Action item.
Output each line of the data below exactly, omitting any image.

Information shown.
▼
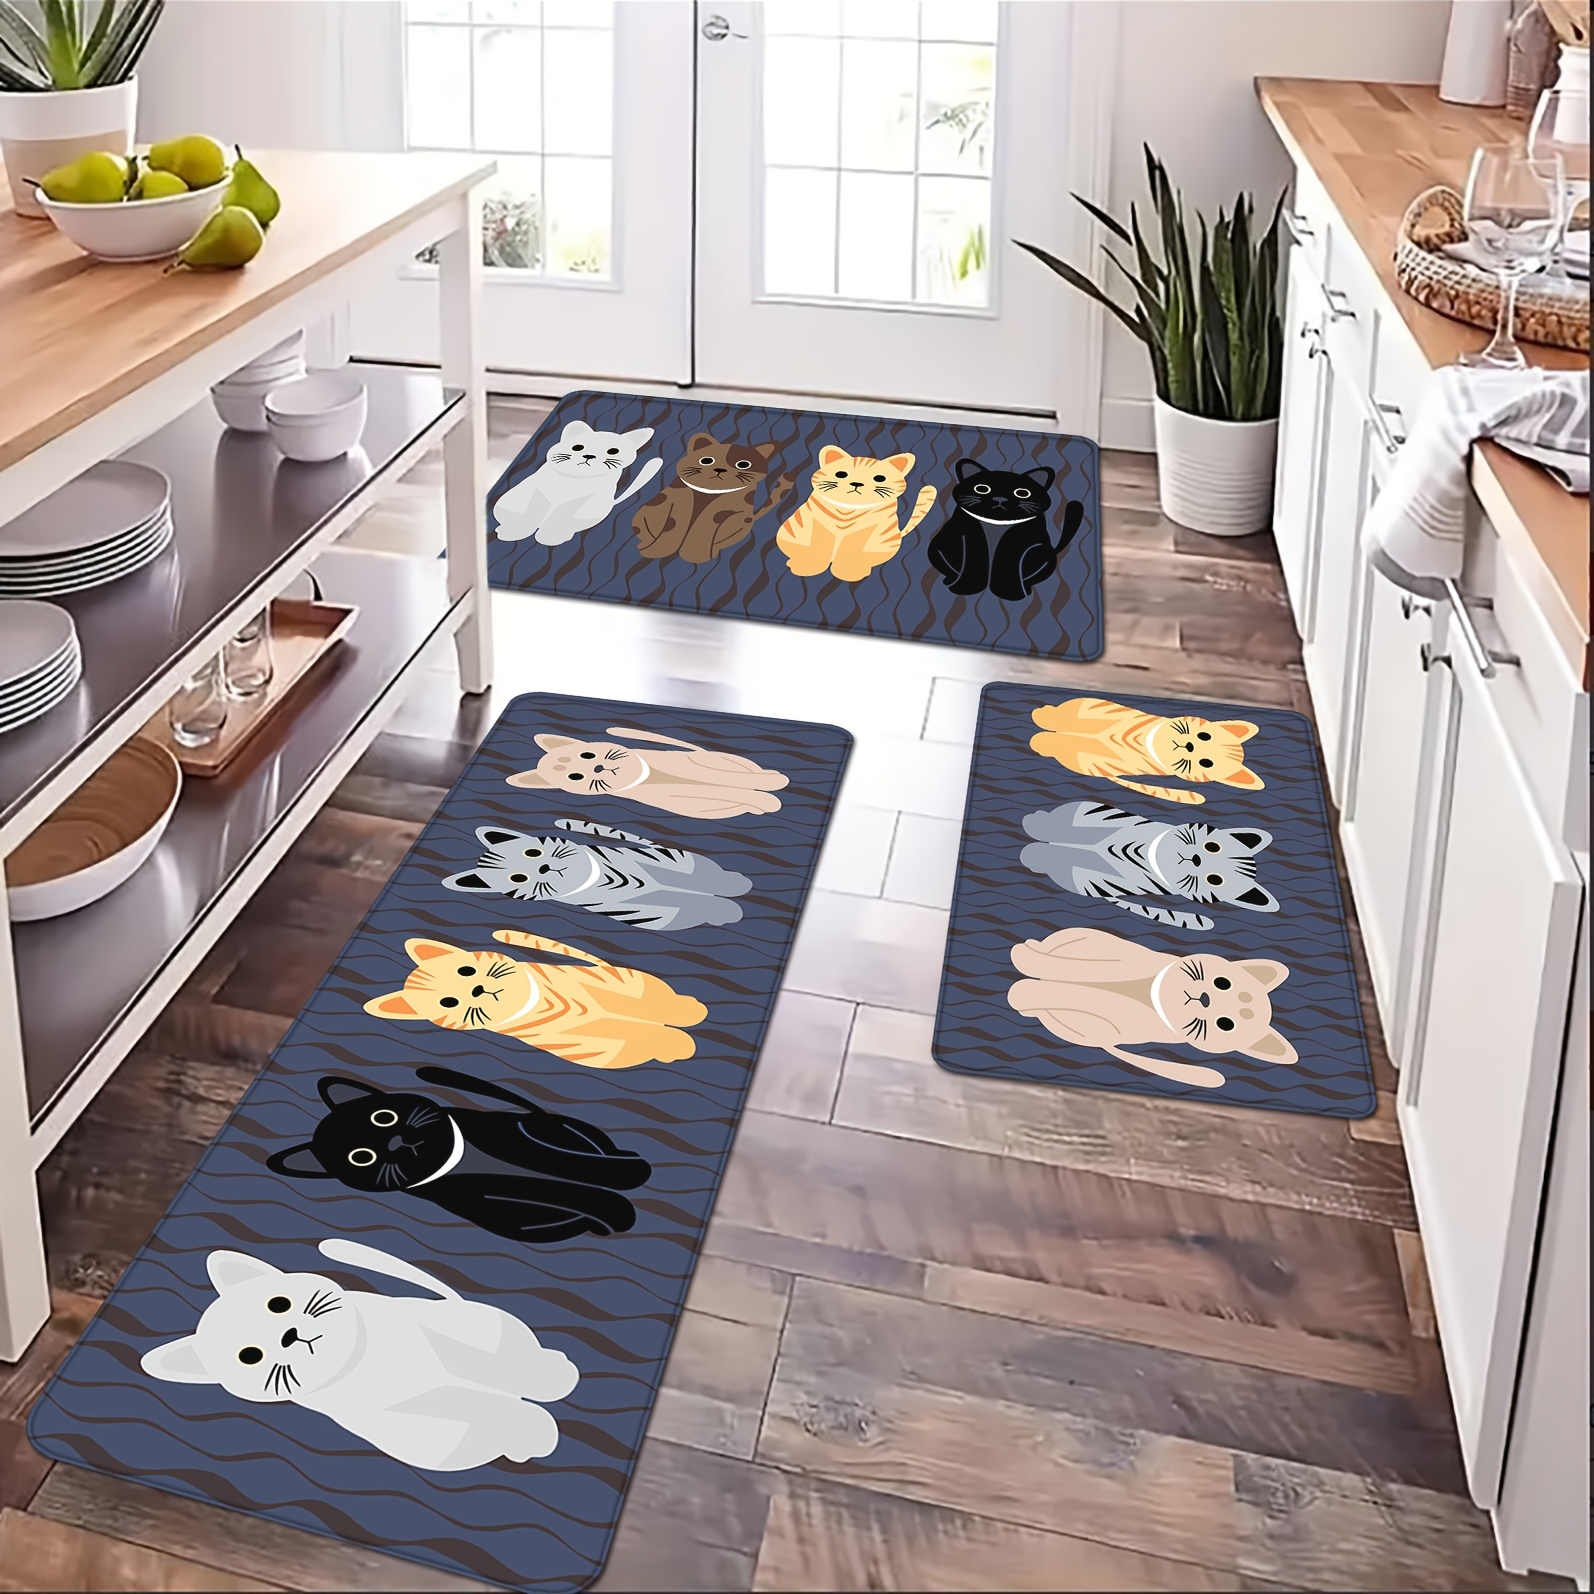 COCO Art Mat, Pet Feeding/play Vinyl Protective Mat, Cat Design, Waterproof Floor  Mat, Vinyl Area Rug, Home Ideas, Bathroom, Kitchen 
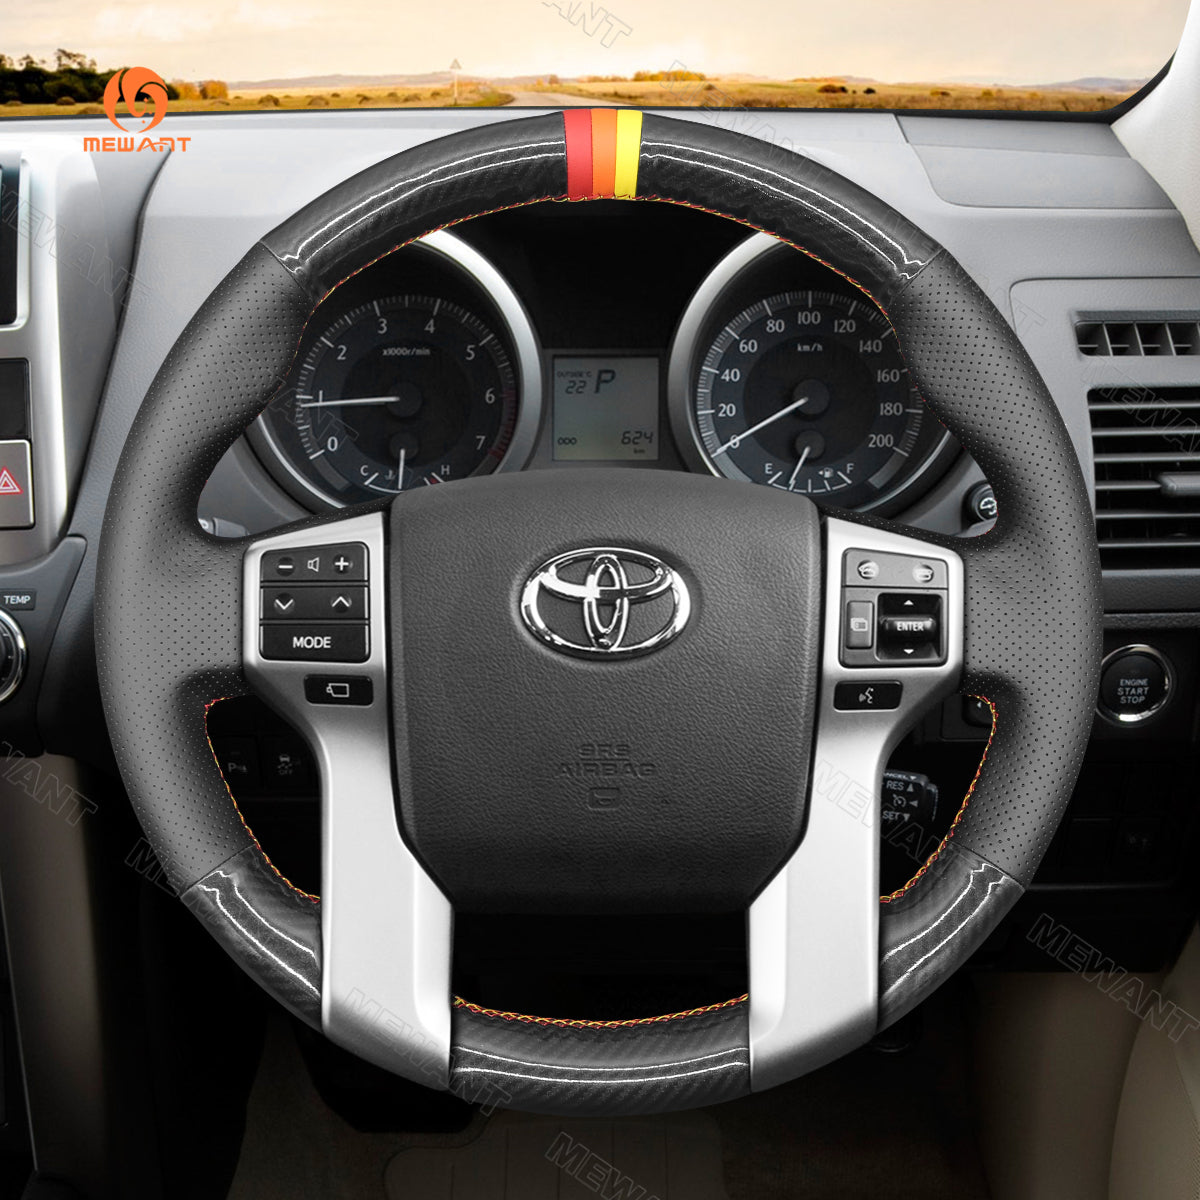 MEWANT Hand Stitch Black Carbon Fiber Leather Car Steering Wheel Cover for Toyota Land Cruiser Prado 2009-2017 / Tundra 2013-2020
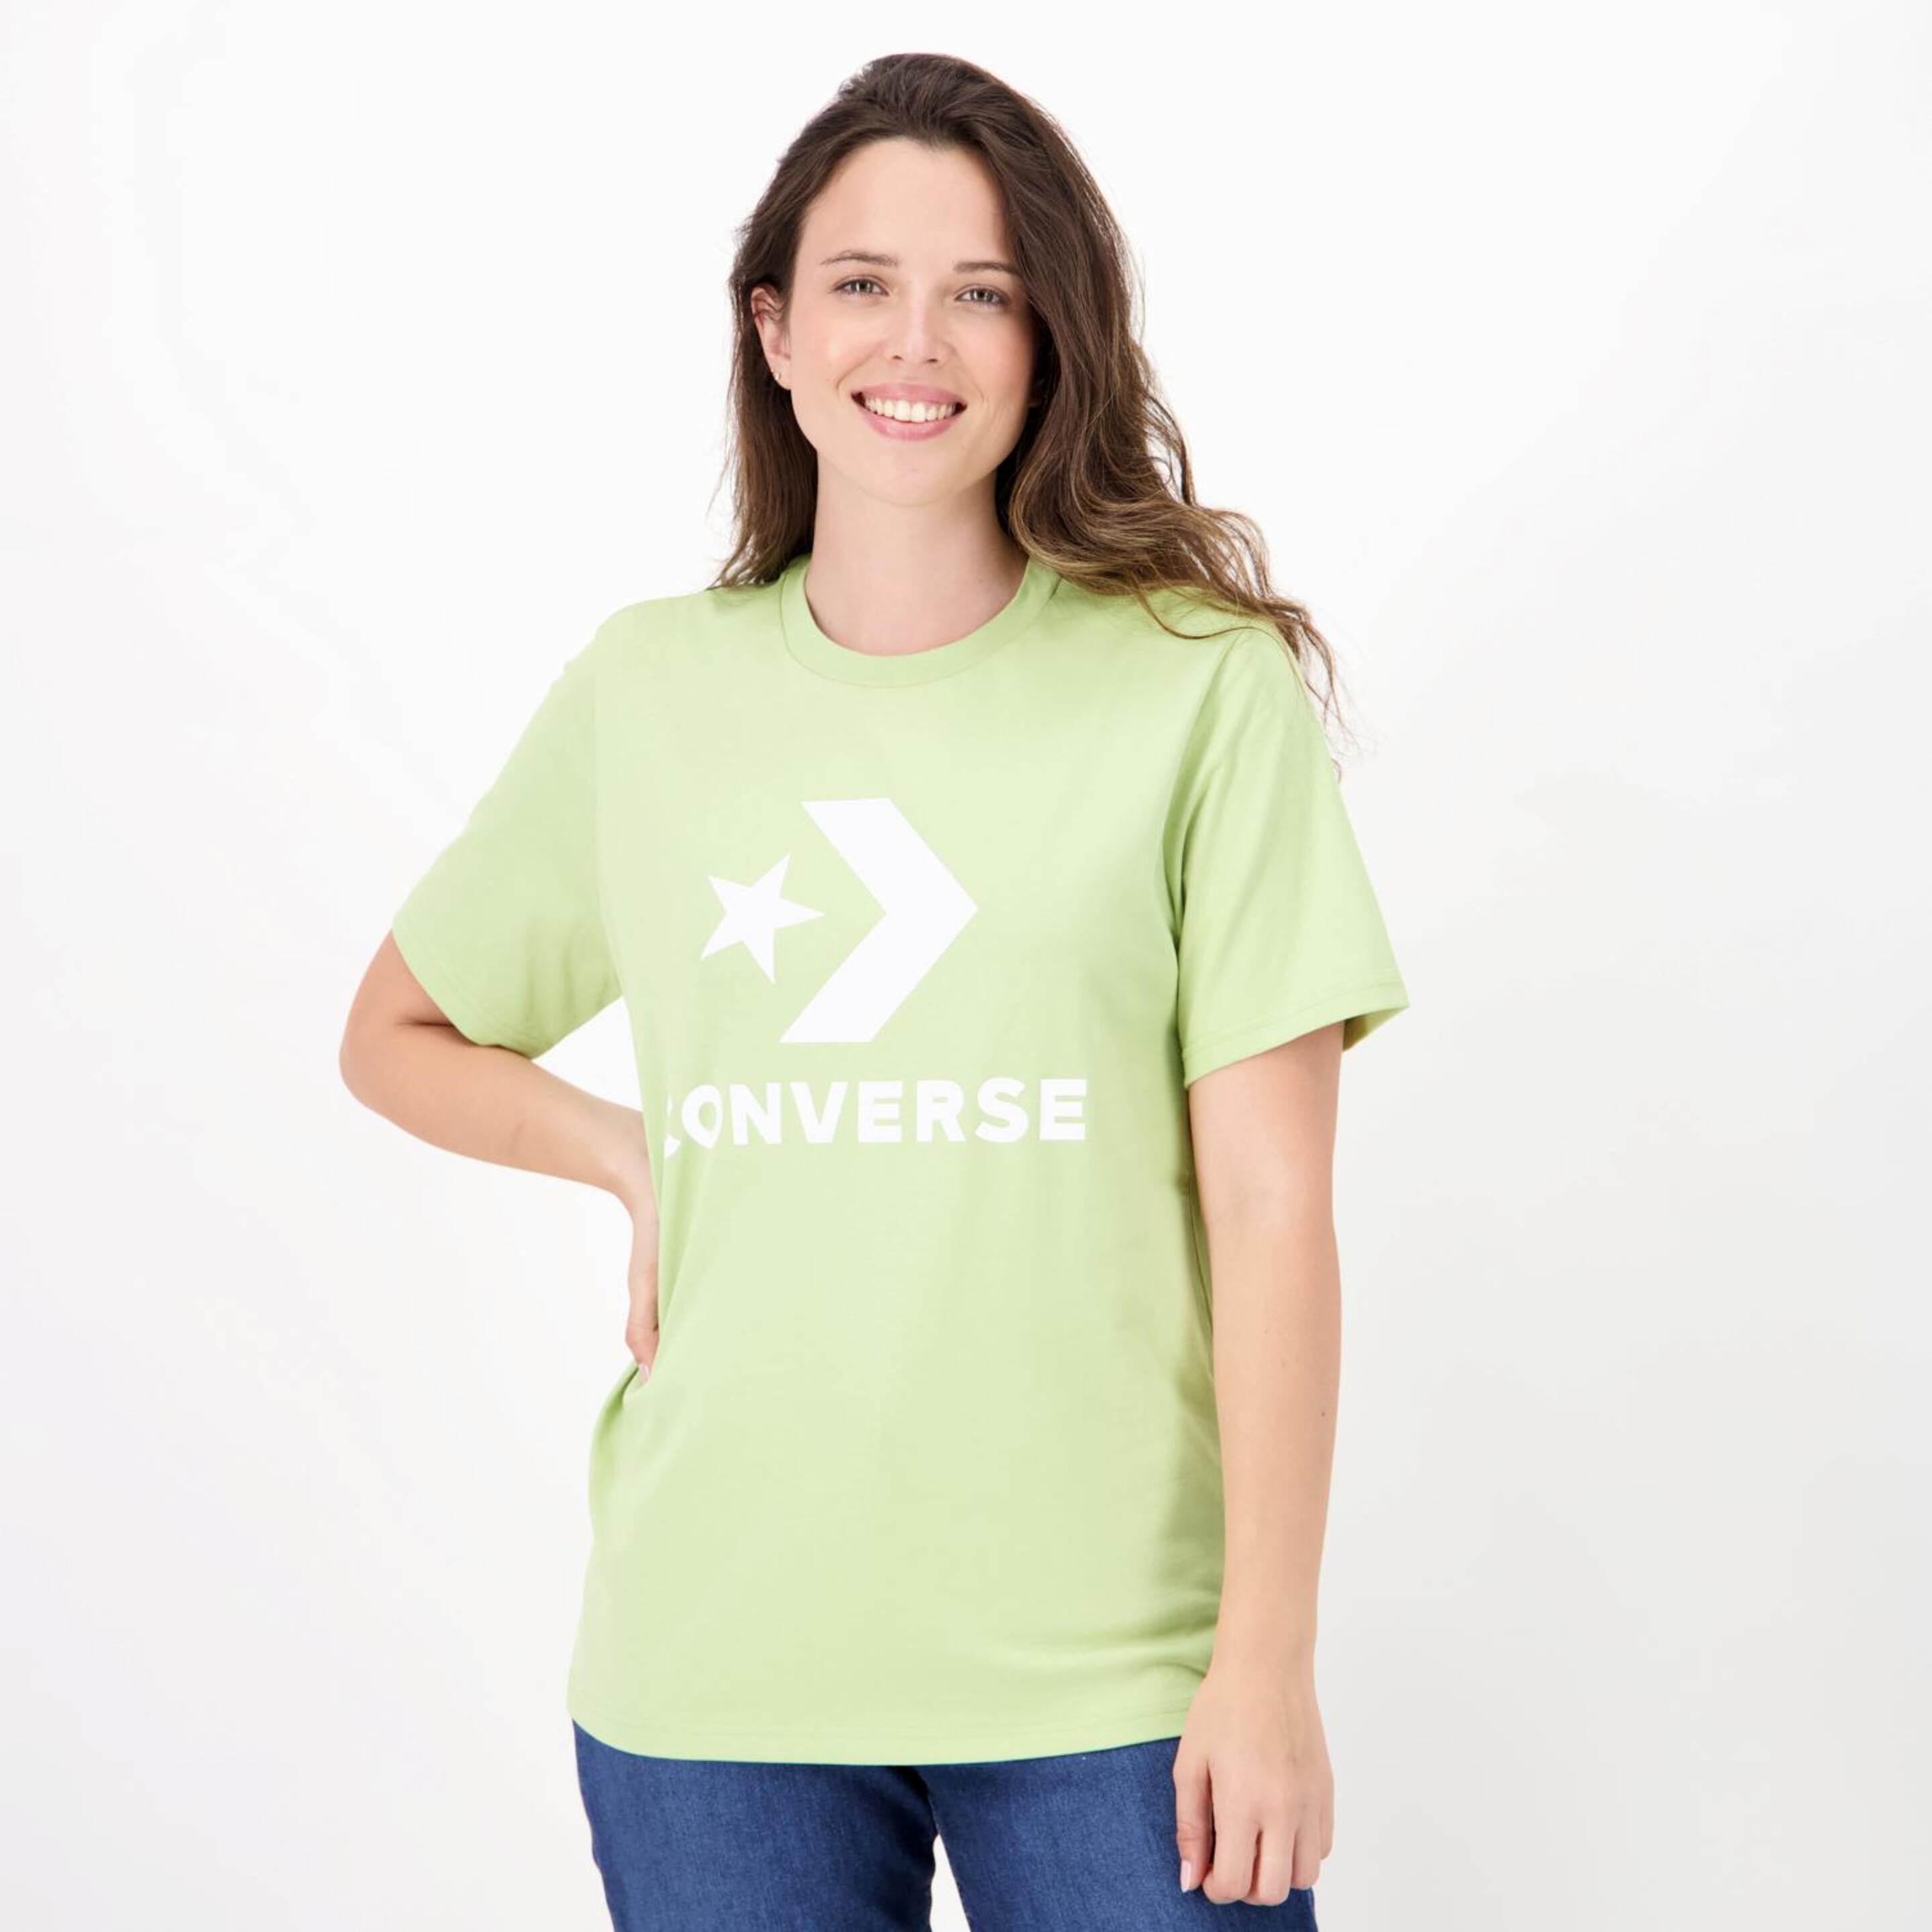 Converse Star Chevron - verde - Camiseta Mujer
▲
Finished exercise.
 COCO Art Mat, Pet Feeding/play Vinyl Protective Mat, Cat Design, Waterproof Floor  Mat, Vinyl Area Rug, Home Ideas, Bathroom, Kitchen 
 MEWANT Hand Stitch Black Carbon Fiber Leather Car Steering Wheel Cover for Toyota Land Cruiser Prado 2009-2017 / Tundra 2013-2020
 Converse Star Chevron - verde - Camiseta Mujer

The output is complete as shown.